DATA PROVIDED –
_ _ _
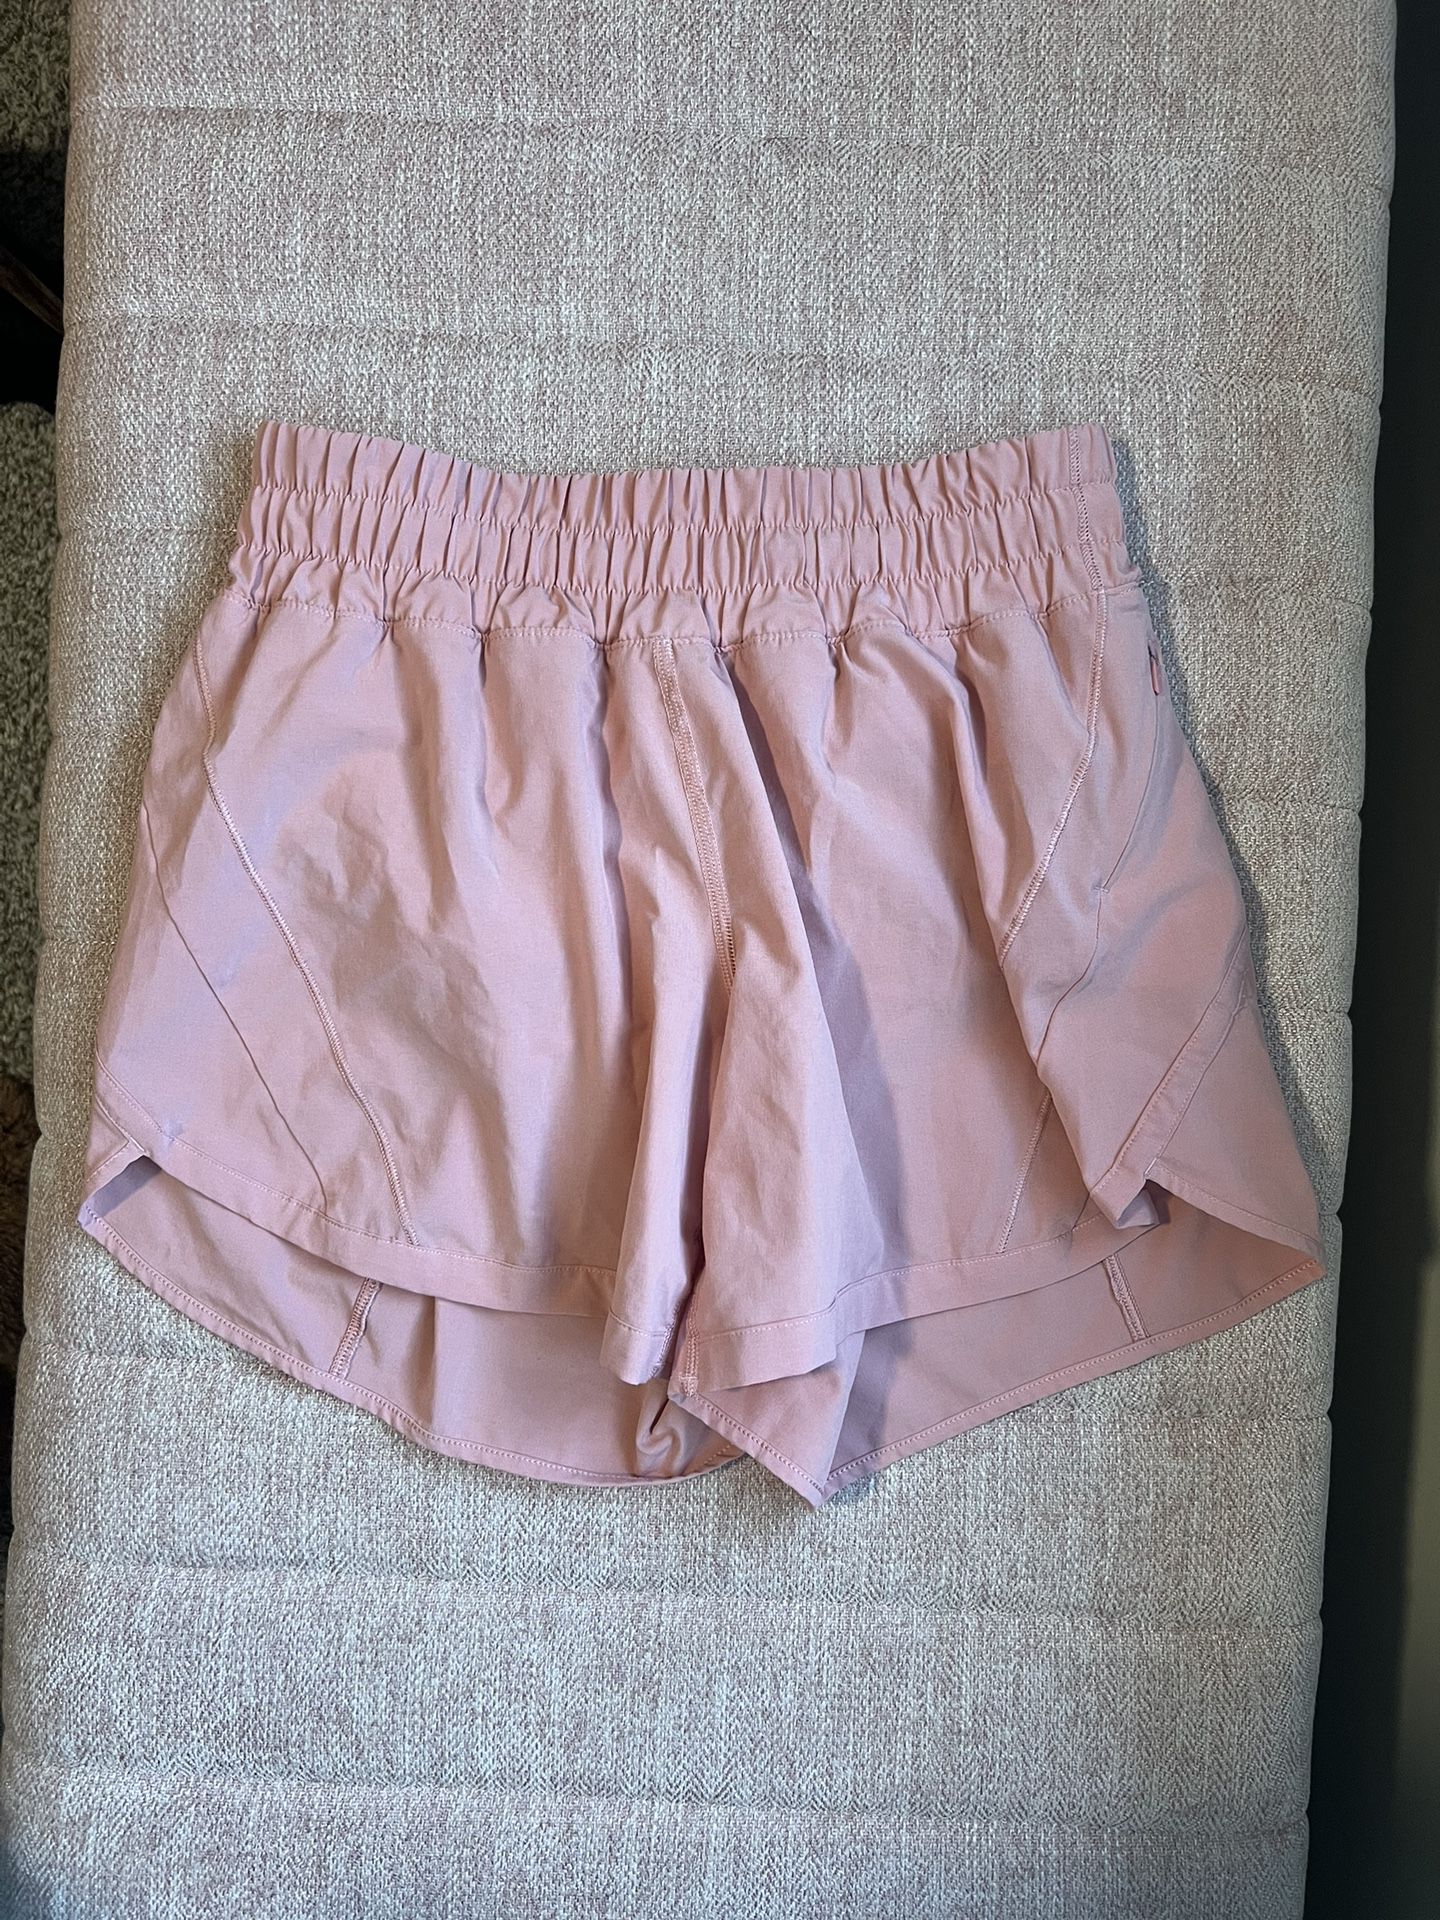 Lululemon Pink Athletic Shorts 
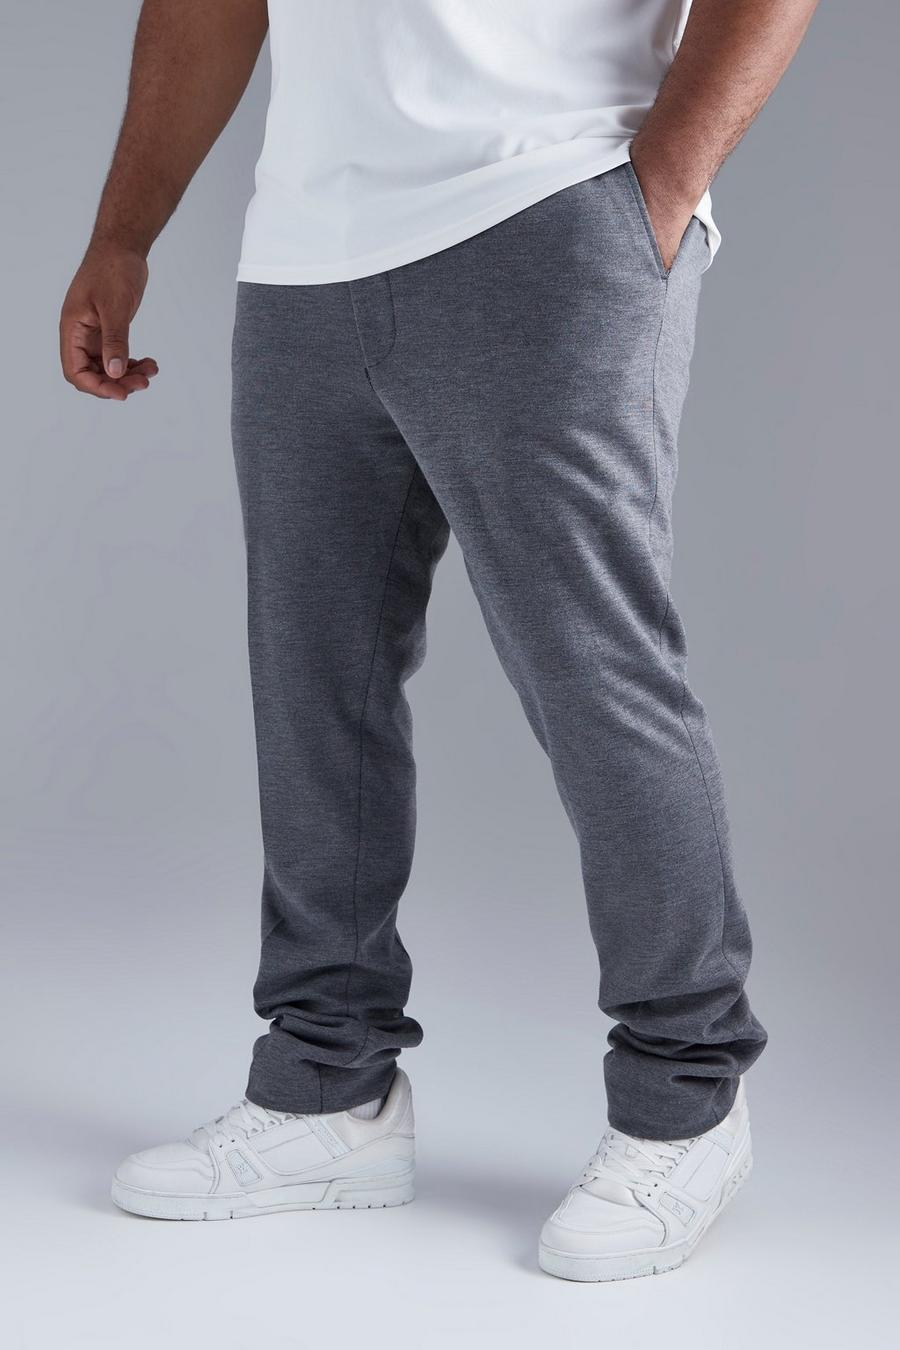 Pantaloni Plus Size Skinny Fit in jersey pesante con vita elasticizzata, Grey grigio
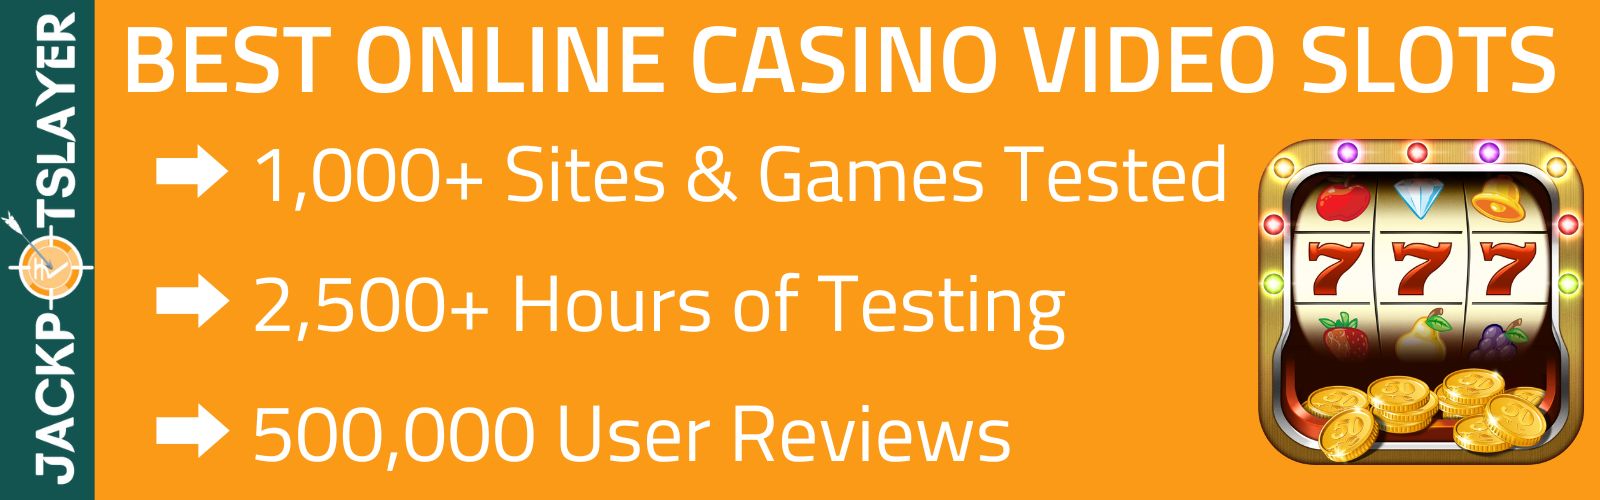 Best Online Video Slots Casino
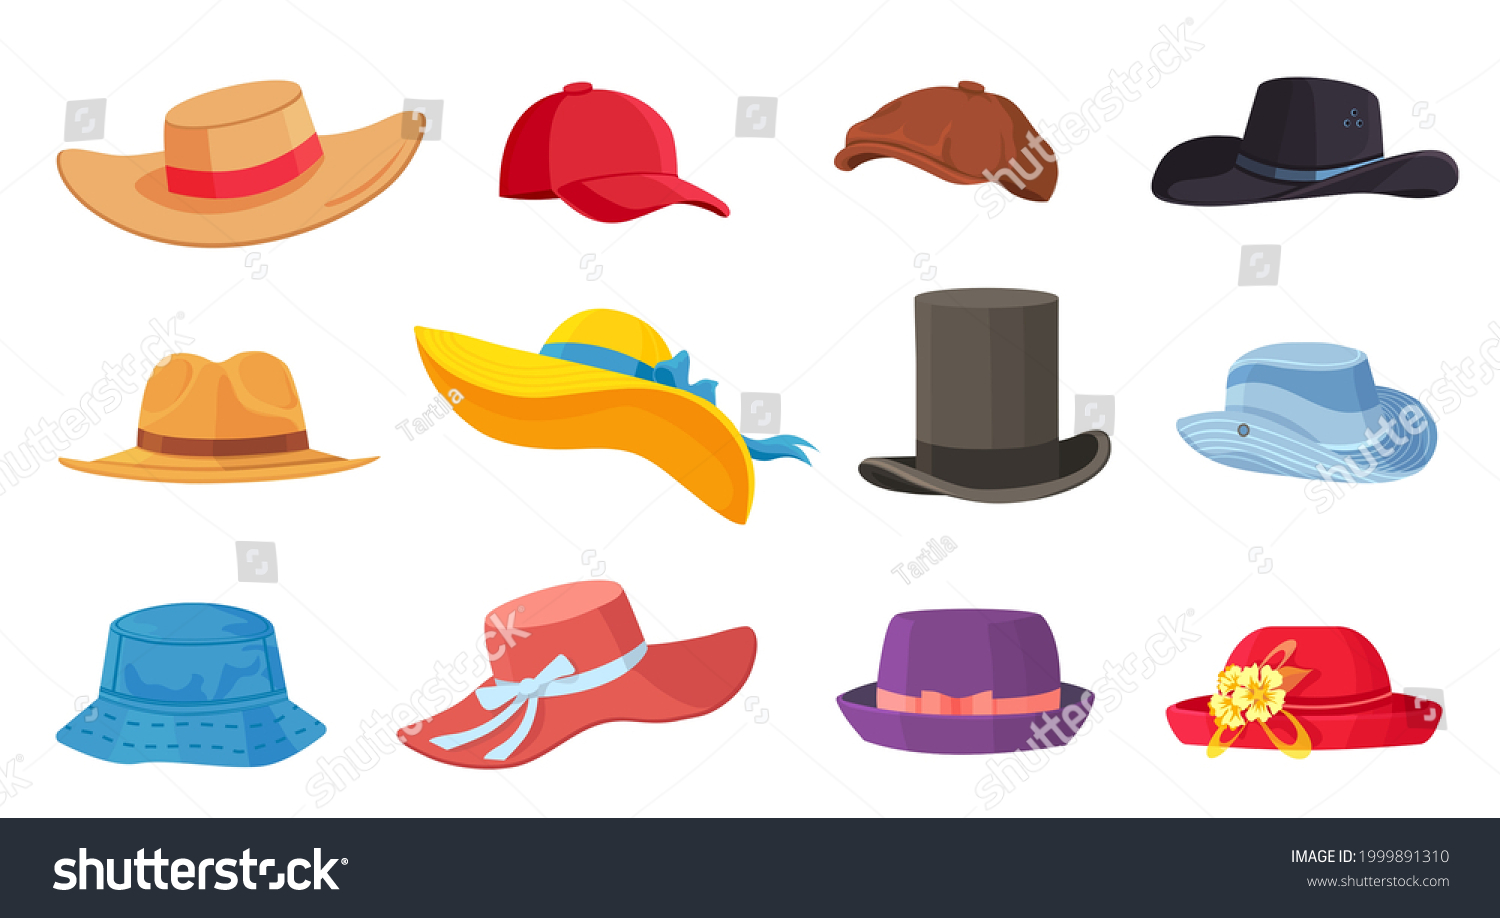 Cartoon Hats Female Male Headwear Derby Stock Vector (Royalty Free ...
_ _ _
If the data includes images, omit them, and set down everything else exactly as above.

SOLUTION FOR THIS EXERCISE –
 Lululemon Pink Athletic Shorts 
 Pantaloni Plus Size Skinny Fit in jersey pesante con vita elasticizzata, Grey grigio
 Best Online Video Slots Casino
 Cartoon Hats Female Male Headwear Derby Stock Vector (Royalty Free ...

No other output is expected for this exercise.